▶ DATA EXTRACT:
*-*-*

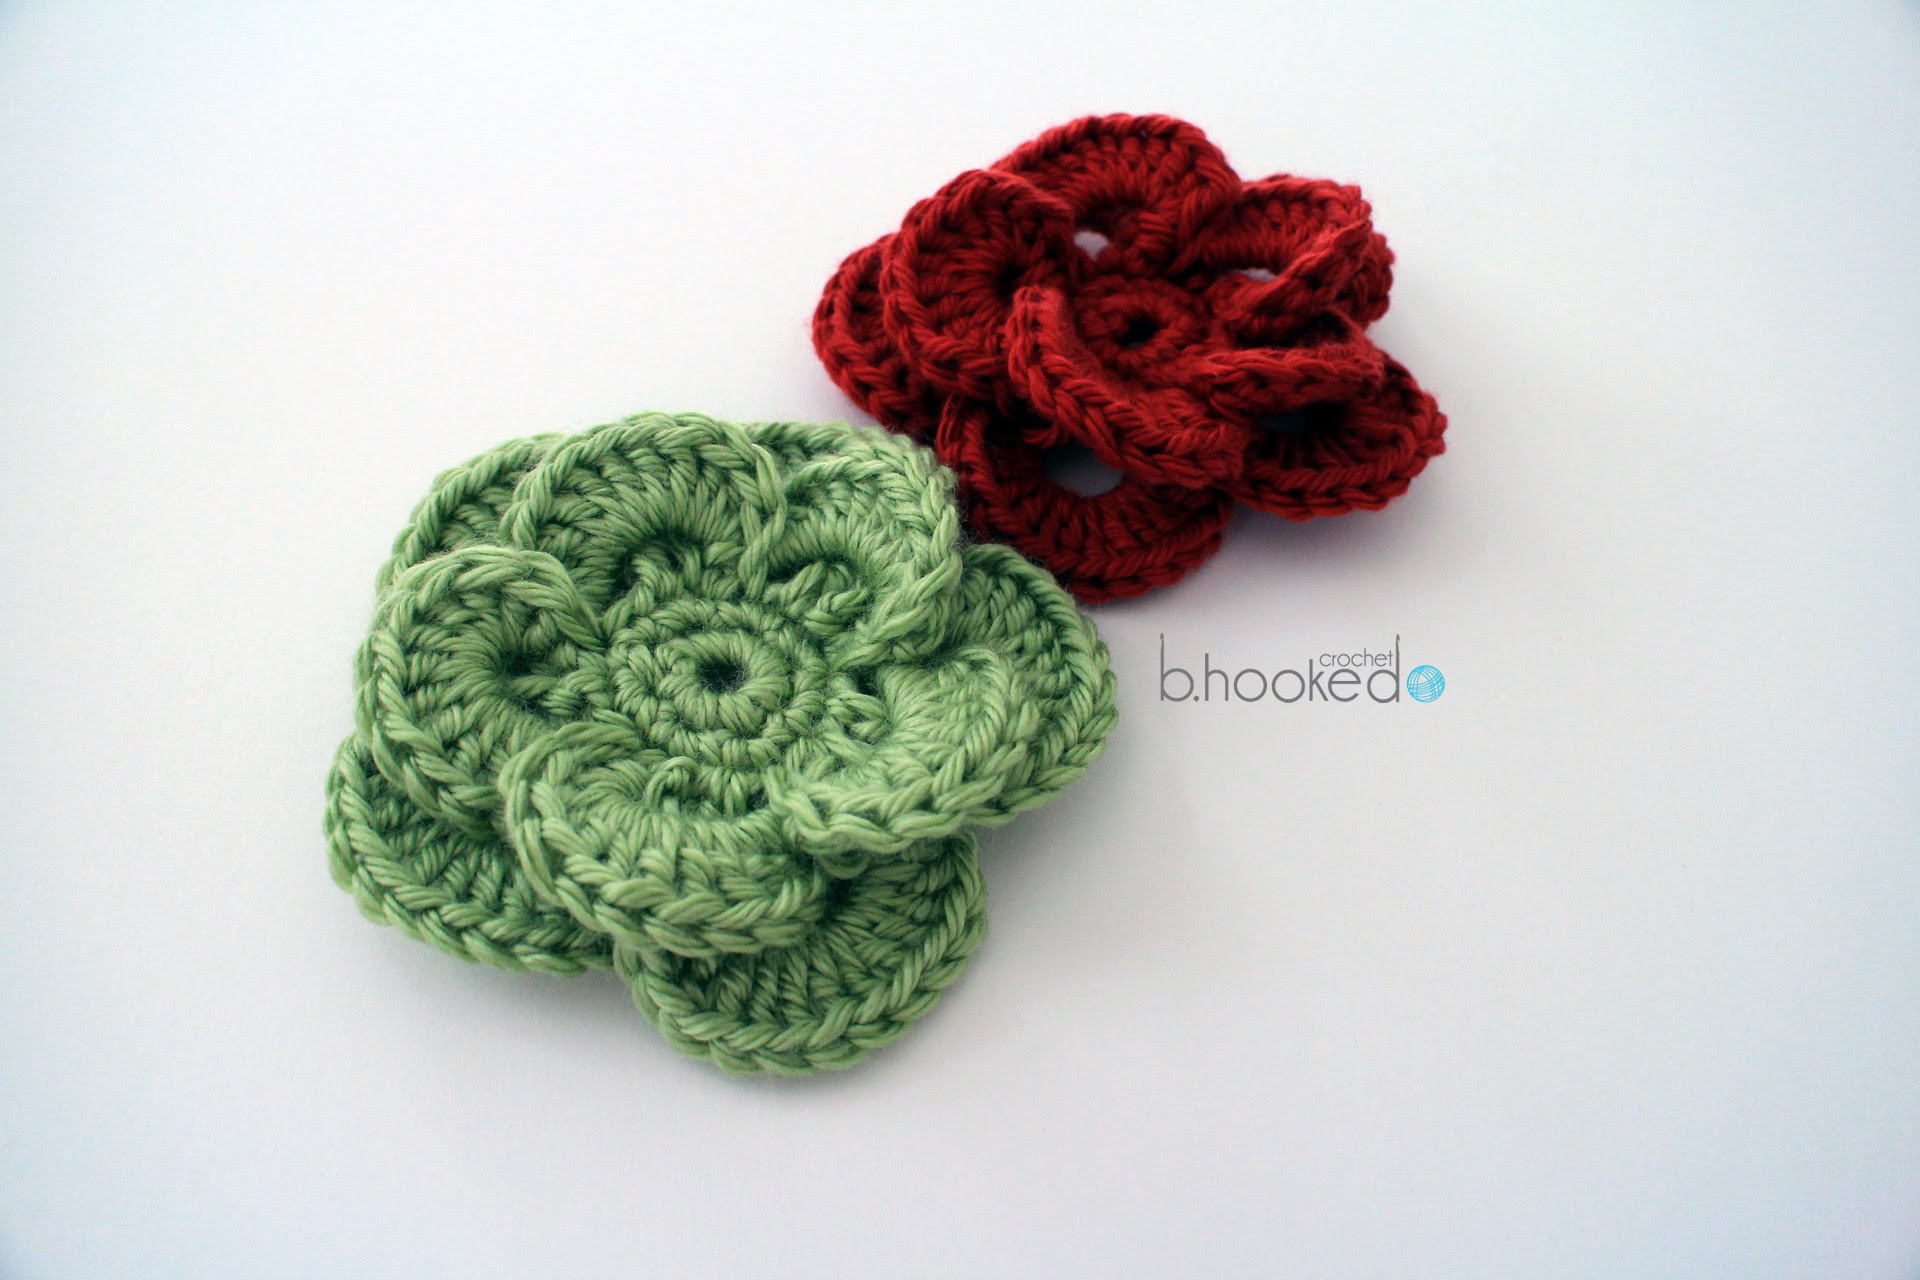 flower crochet pattern how to crochet a flower: crochet wagon wheel flower free crochet pattern -  youtube ZLWRUNU
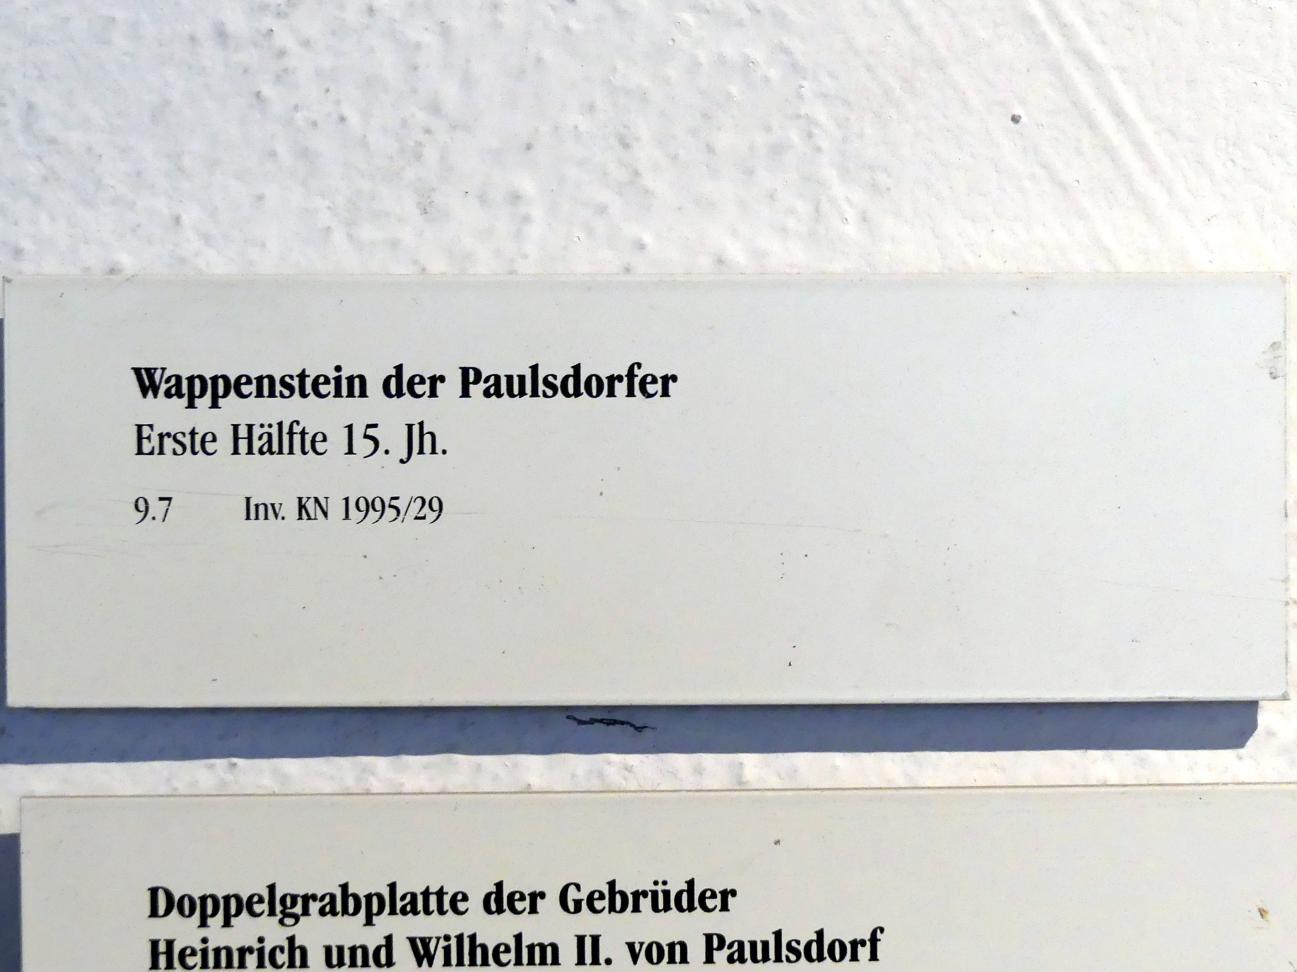 Wappenstein der Paulsdorfer, Regensburg, Historisches Museum, 1. Hälfte 15. Jhd., Bild 2/2
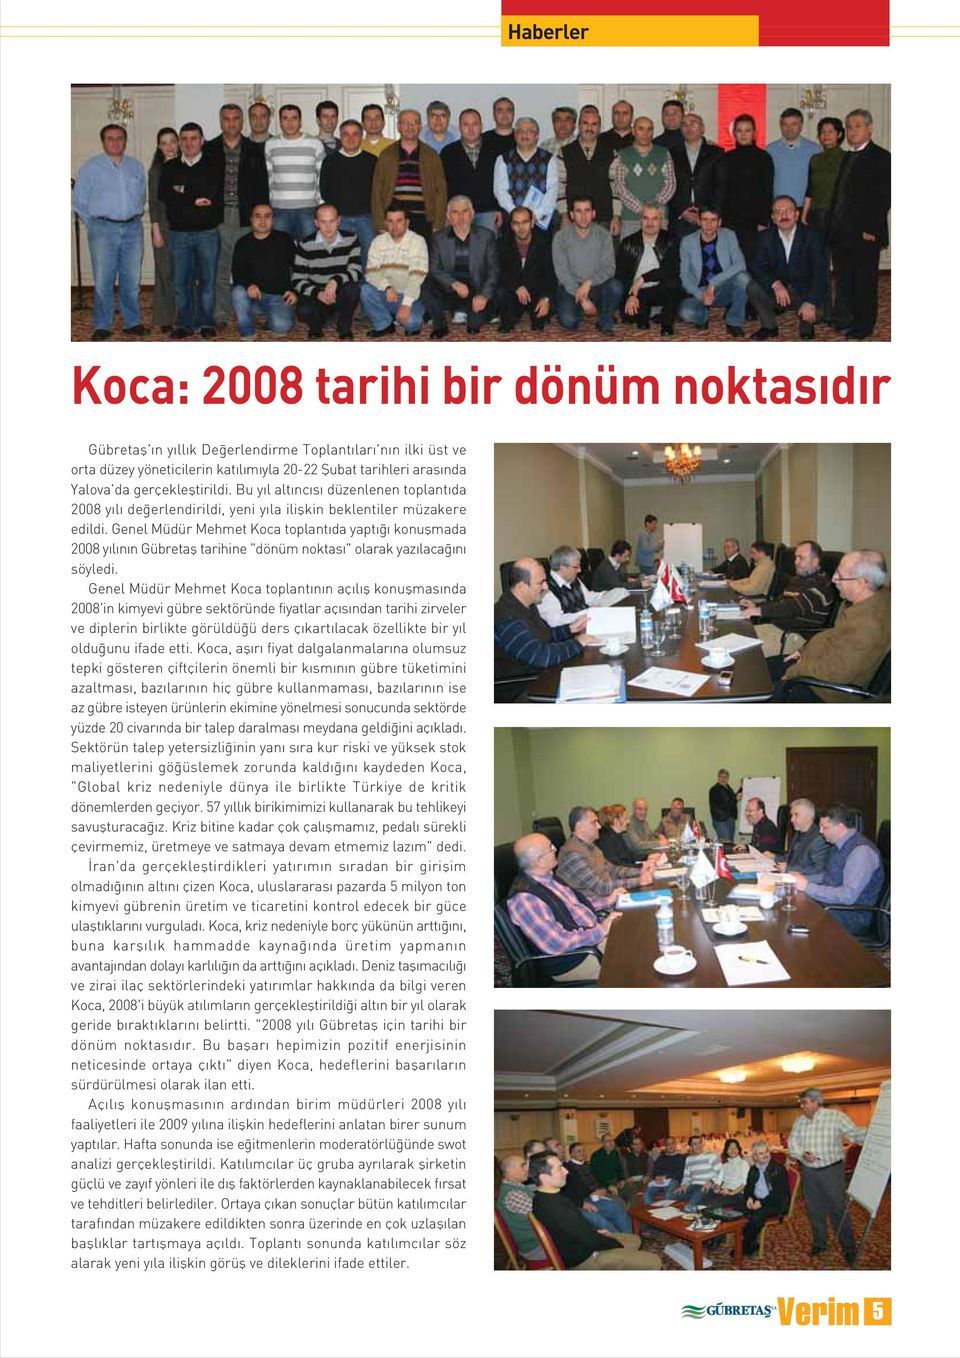 Genel Müdür Mehmet Koca toplant da yapt konuflmada y l n n Gübretafl tarihine "dönüm noktas " olarak yaz laca n söyledi.

*-*-*

▶ TRY IT: One exact copy of the data, no pictures: write it out line for line.

▶ RESULT BELOW:
 flower crochet pattern how to crochet a flower: crochet wagon wheel flower free crochet pattern -  youtube ZLWRUNU
 Wappenstein der Paulsdorfer, Regensburg, Historisches Museum, 1. Hälfte 15. Jhd., Bild 2/2
 Genel Müdür Mehmet Koca toplant da yapt konuflmada y l n n Gübretafl tarihine "dönüm noktas " olarak yaz laca n söyledi.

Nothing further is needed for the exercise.